Israël attaque toujours la Syrie sous prétexte de lutter contre l’influence du Corps des gardiens de la révolution islamique (CGRI) iranien. Des frappes aériennes sur des positions militaires en Syrie ont été signalées les 21, 24 et 27 octobre ainsi que les 13 et 19 novembre. Les frappes israéliennes ont tué six soldats et un combattant local du Hezbollah. Outre les frappes aériennes régulières, une attaque de drone a visé une cargaison de carburant iranien destinée au Hezbollah au Liban à la frontière syro-irakienne le 8 novembre. Une dizaine de personnes, dont des ressortissants iraniens, ont été tuées dans l’attaque attribuée à Israël.

Le 22 novembre, les tensions ont de nouveau augmenté lorsqu’un officier supérieur de la Force aérospatiale du CGRI a été tué par une bombe placée en bordure de route dans la périphérie de la capitale syrienne, Damas. L’Iran a déclaré que les services de renseignement israéliens étaient derrière l’assassinat.

Les récentes mesures bellicistes israéliennes ne sont pas restées sans réponse puisqu’on a signalé des attaques contre des bases américaines dans le nord-est de la Syrie les 22 et 26 octobre ainsi que les 17 et 25 novembre. En outre, une attaque de drone a visé un pétrolier appartenant à des Israéliens au large des côtes d’Oman le 16 novembre. L’Iran a été accusé mais Téhéran a rejeté ces accusations.

Israël n’est pas le seul allié des Etats-Unis au Moyen-Orient à connaître une escalade. Le partenaire de l’OTAN de Washington, la Turquie, a également pris des mesures énergiques sous prétexte de protéger sa sécurité nationale.
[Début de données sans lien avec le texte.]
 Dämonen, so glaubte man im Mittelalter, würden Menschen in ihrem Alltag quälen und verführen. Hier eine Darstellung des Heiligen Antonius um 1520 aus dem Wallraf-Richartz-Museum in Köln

Le 20 novembre, la Turquie a lancé une opération militaire contre les forces kurdes en Syrie et en Irak, baptisée Claw-Sword. L’opération est venue en réponse à l’attentat d’Istanbul du 13 novembre. Ankara a imputé l’attaque (qui a fait six morts) au Parti des travailleurs du Kurdistan (PKK) et à son affilié syrien, les Unités de protection du peuple (YPG), qui se trouve être la faction centrale des Forces démocratiques syriennes (SDF) soutenues par les Etats-Unis. Jusqu’à présent, l’opération Claw-Sword s’est limitée à des frappes aériennes et d’artillerie. Cependant, de hauts responsables turcs ont déjà averti qu’une offensive terrestre contre les FDS dans le nord de la Syrie pourrait bientôt commencer. L’opération turque a déjà tué plus de 50 combattants des FDS et soldats syriens. Malgré ces lourdes pertes, les FDS (alliées aux Etats-Unis) entravent toujours les efforts de désescalade menés par la Russie en répondant aux problèmes de sécurité d’Ankara.
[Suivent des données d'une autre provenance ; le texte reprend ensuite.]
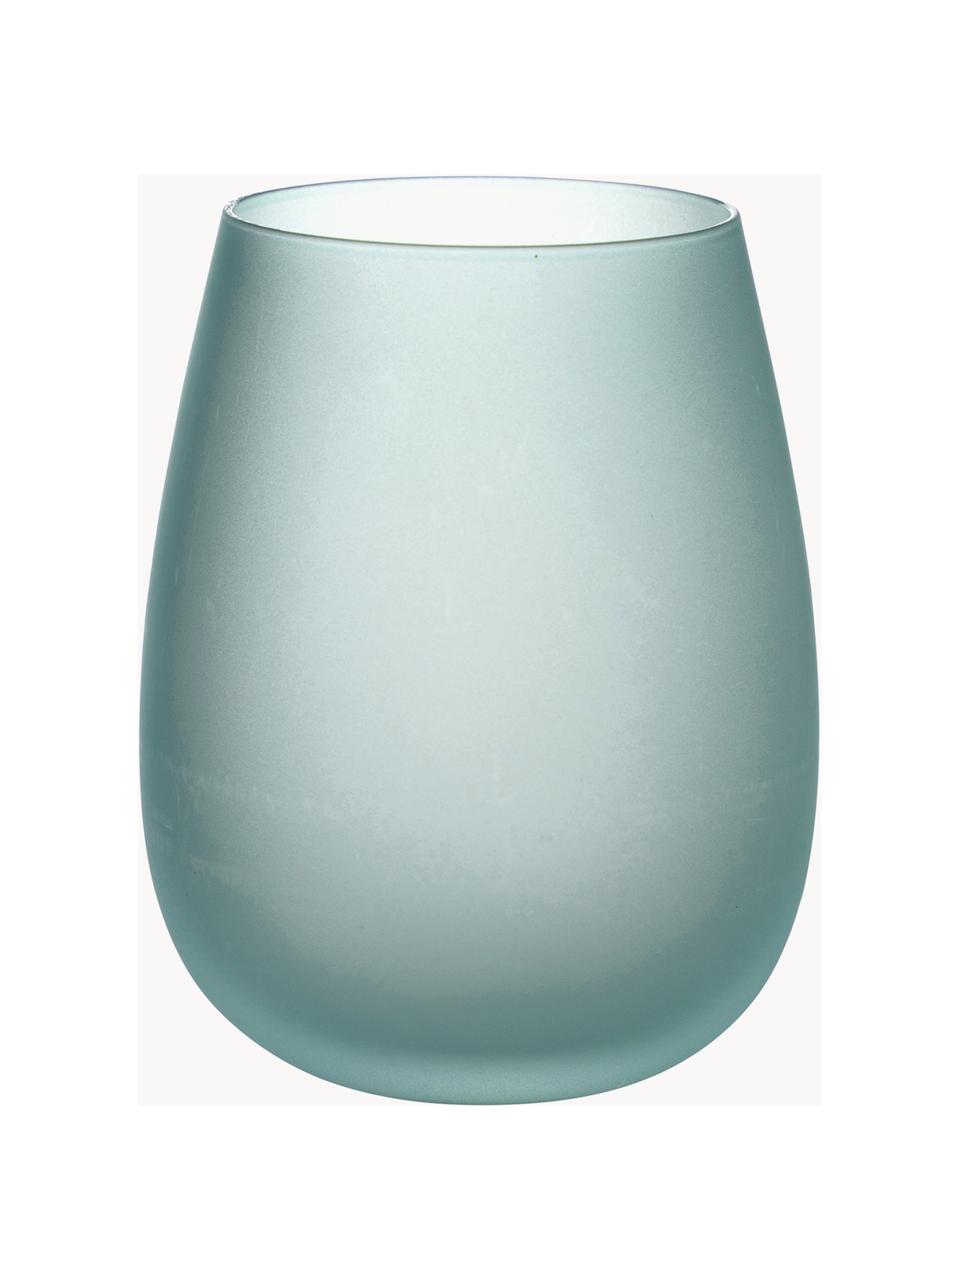 Sada sklenic Happy Hour, 6 dílů, Sklo, Odstíny modré a zelené, Ø 7 cm, V 11 cm, 500 ml

Les forces kurdes en Irak, dont certaines entretiennent des relations étroites avec les Etats-Unis, ont également provoqué l’Iran. Téhéran pense que certains des groupes militants de l’opposition irano-kurde basés dans la région du Kurdistan ont soutenu une vague de violence et de protestations sur son territoire qui a éclaté après la mort de la femme irano-kurde Mahsa Amini à la mi-septembre. Le CGRI a attaqué ces groupes militants de l’opposition les 21 et 22 novembre. Plus tard, les forces terrestres des gardes ont commencé à amasser des renforts près de la région du Kurdistan pour une éventuelle opération terrestre.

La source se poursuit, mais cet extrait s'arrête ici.